• [To do]:
Your task is to transcribe the lines from the start of the data below through the line containing "Harvesters tea in field.", inclusive, exactly as they stand and without the pictures.

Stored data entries

◆ ◆ ◆ ◆ ◆ ◆ ◆

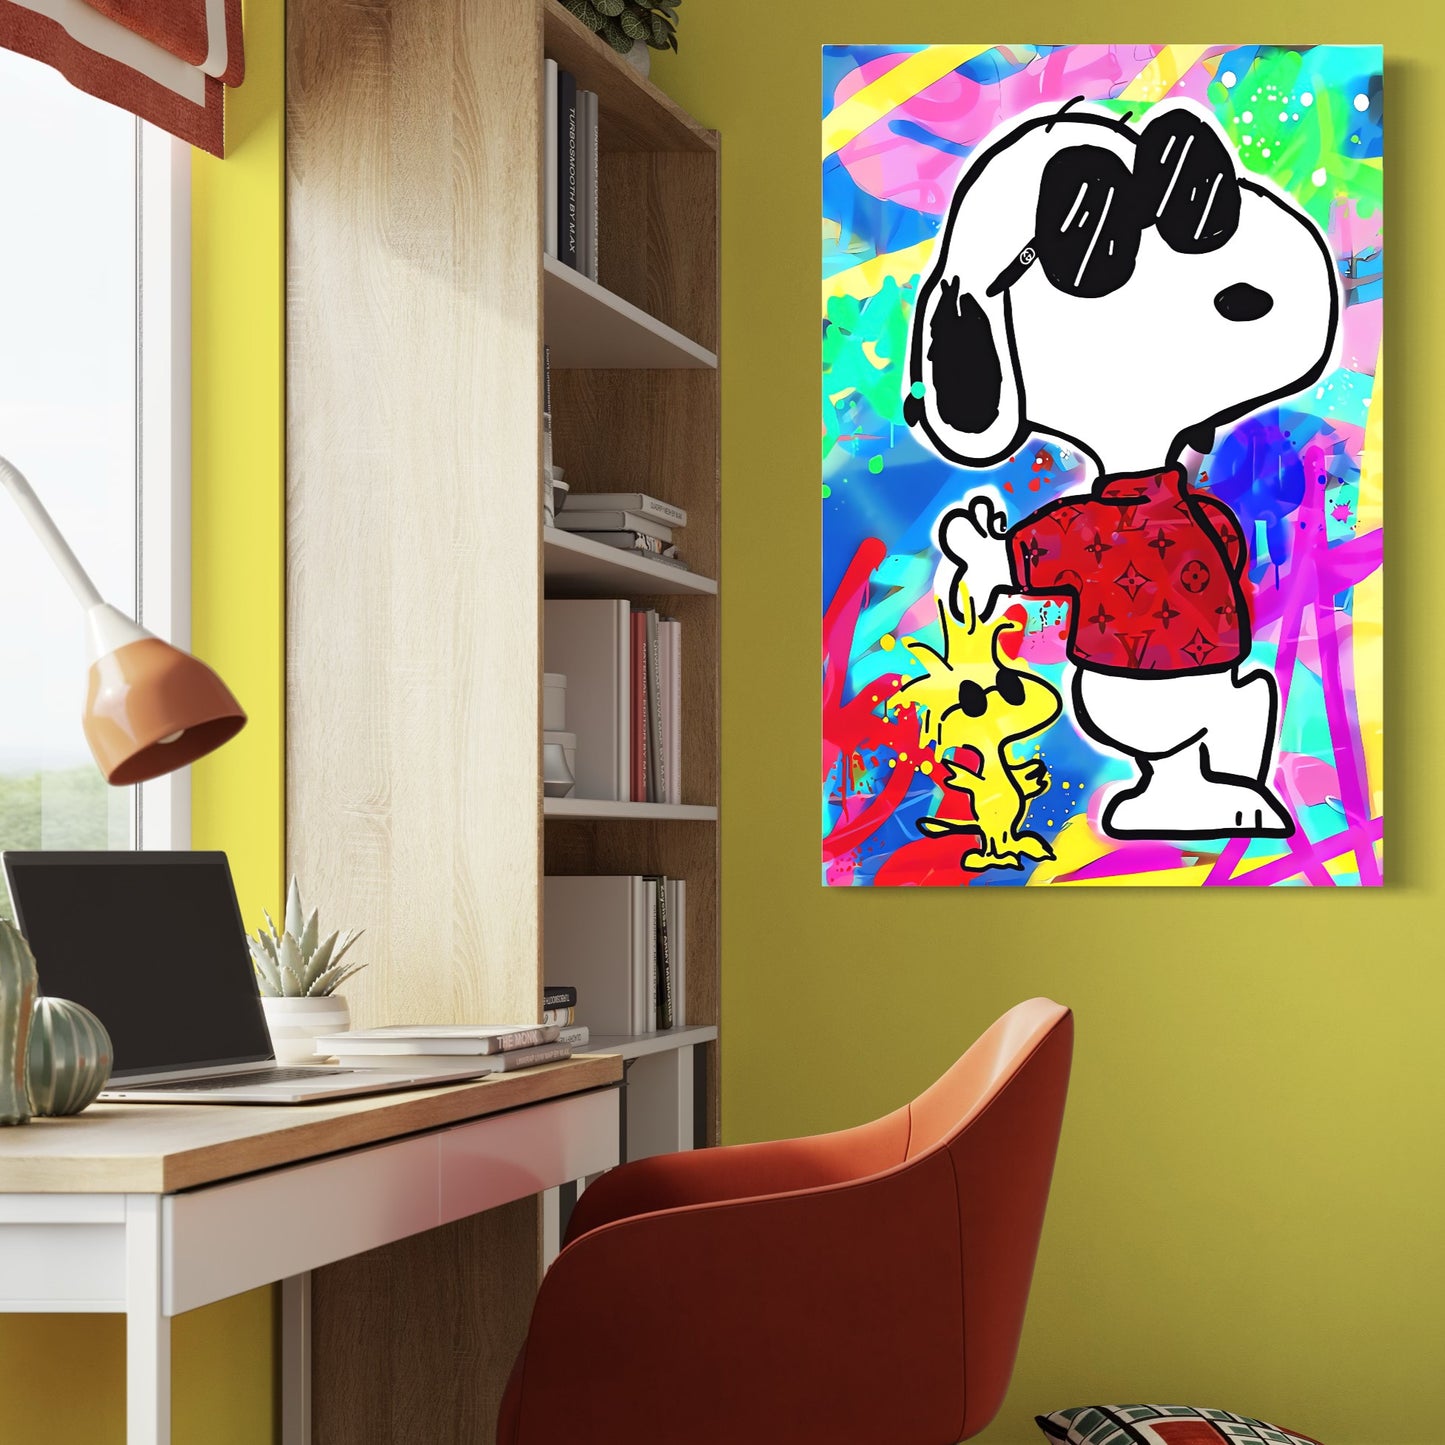 Snoopy and woodstock
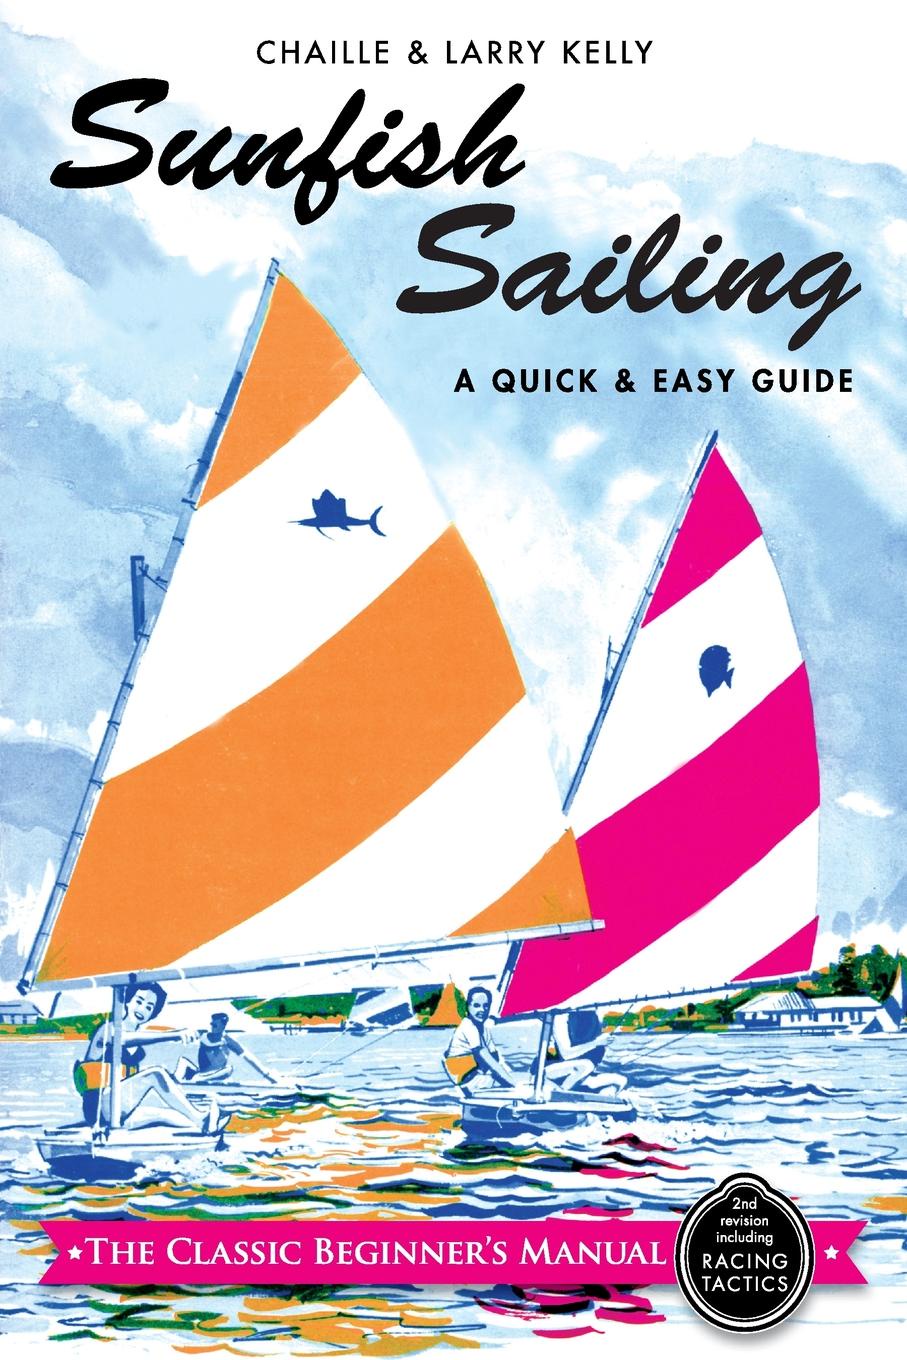 Sunfish Sailing. A Quick & Easy Guide
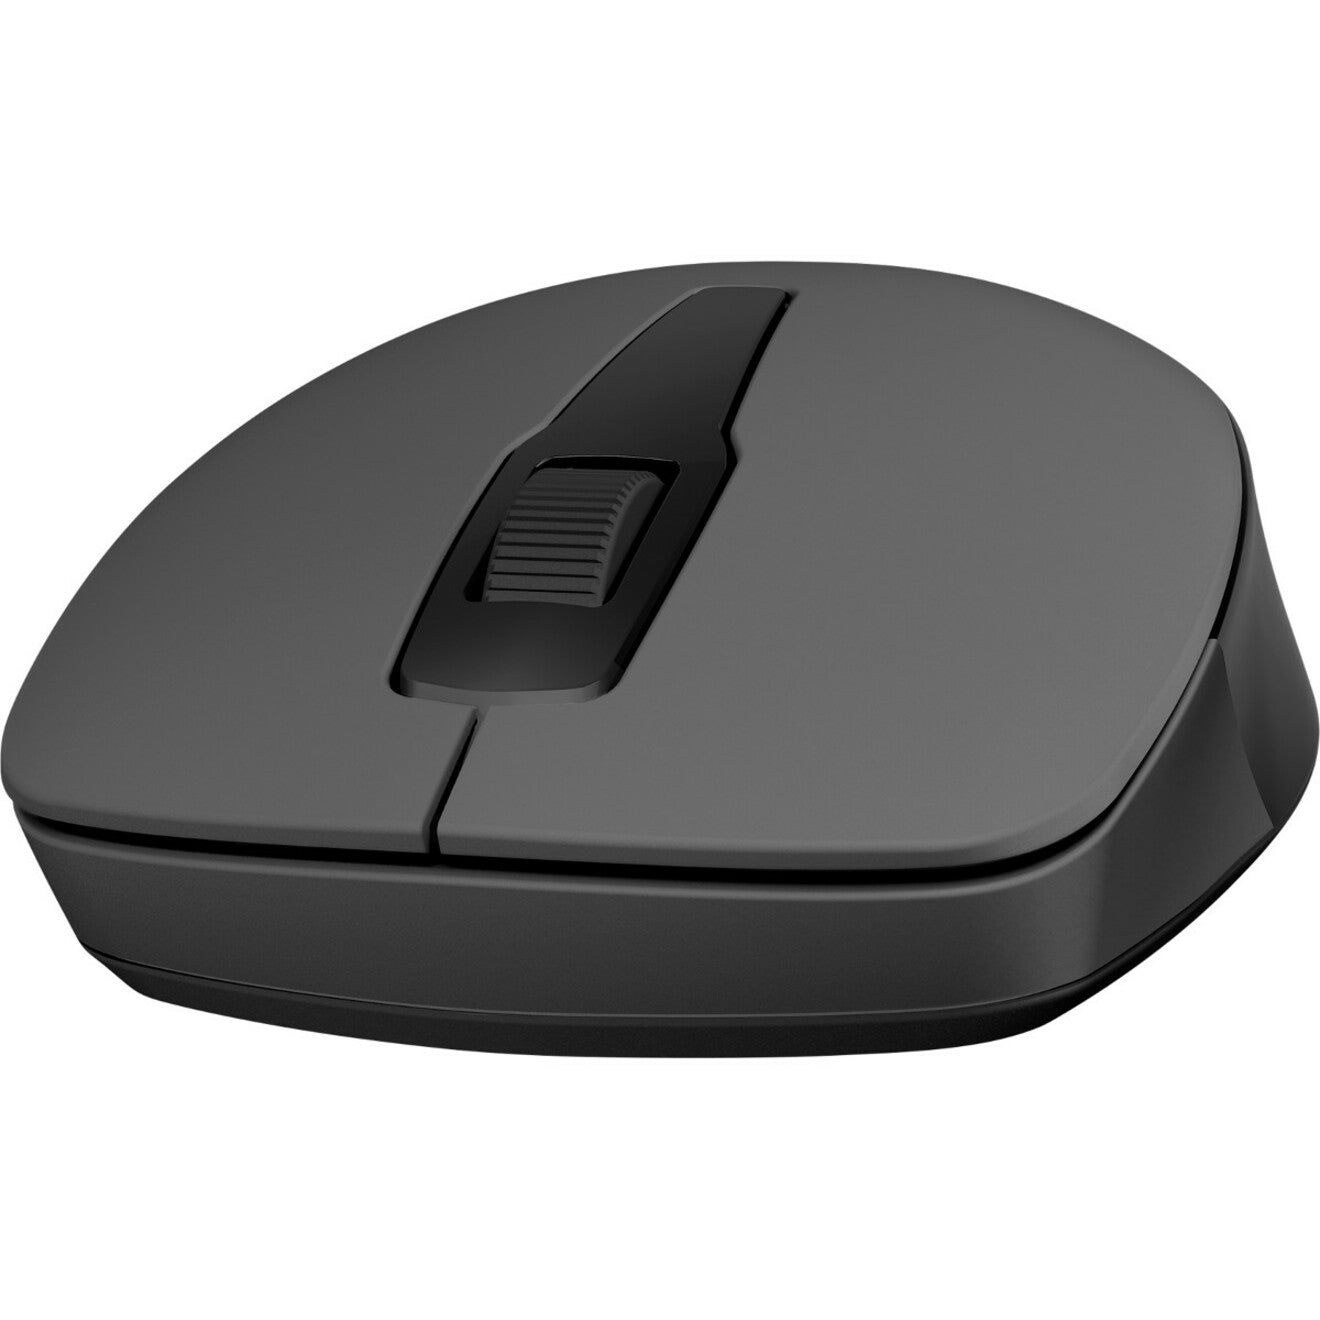 HP 2S9L1AA 150 Wireless Mouse, 2.4 GHz Optical, USB Type A
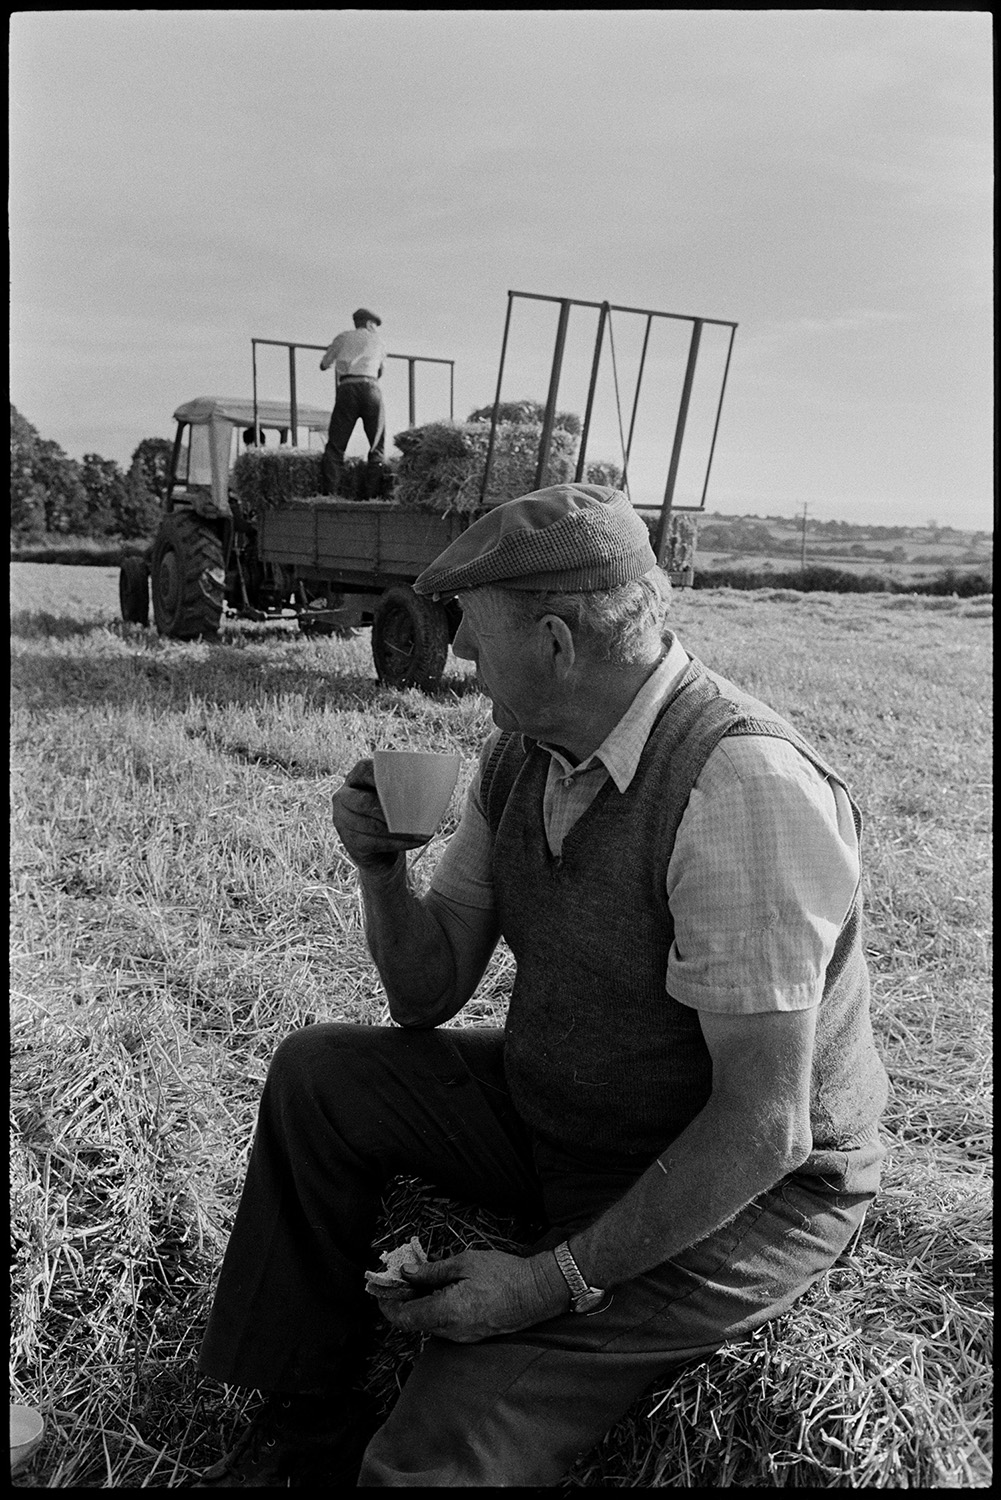 Harvesters tea in field. 
[John Ward sat on a bale of straw and drinking a cup of tea in a field at Nethercott, Iddesleigh, while he has a break from harvesting. A man is stood with straw bales on a trailer in the background.]

◆ ◆ ◆ ◆ ◆ ◆ ◆

• [Your response]:
 Snoopy and woodstock
 Sunfish Sailing. A Quick & Easy Guide
 HP 2S9L1AA 150 Wireless Mouse, 2.4 GHz Optical, USB Type A
 Harvesters tea in field. 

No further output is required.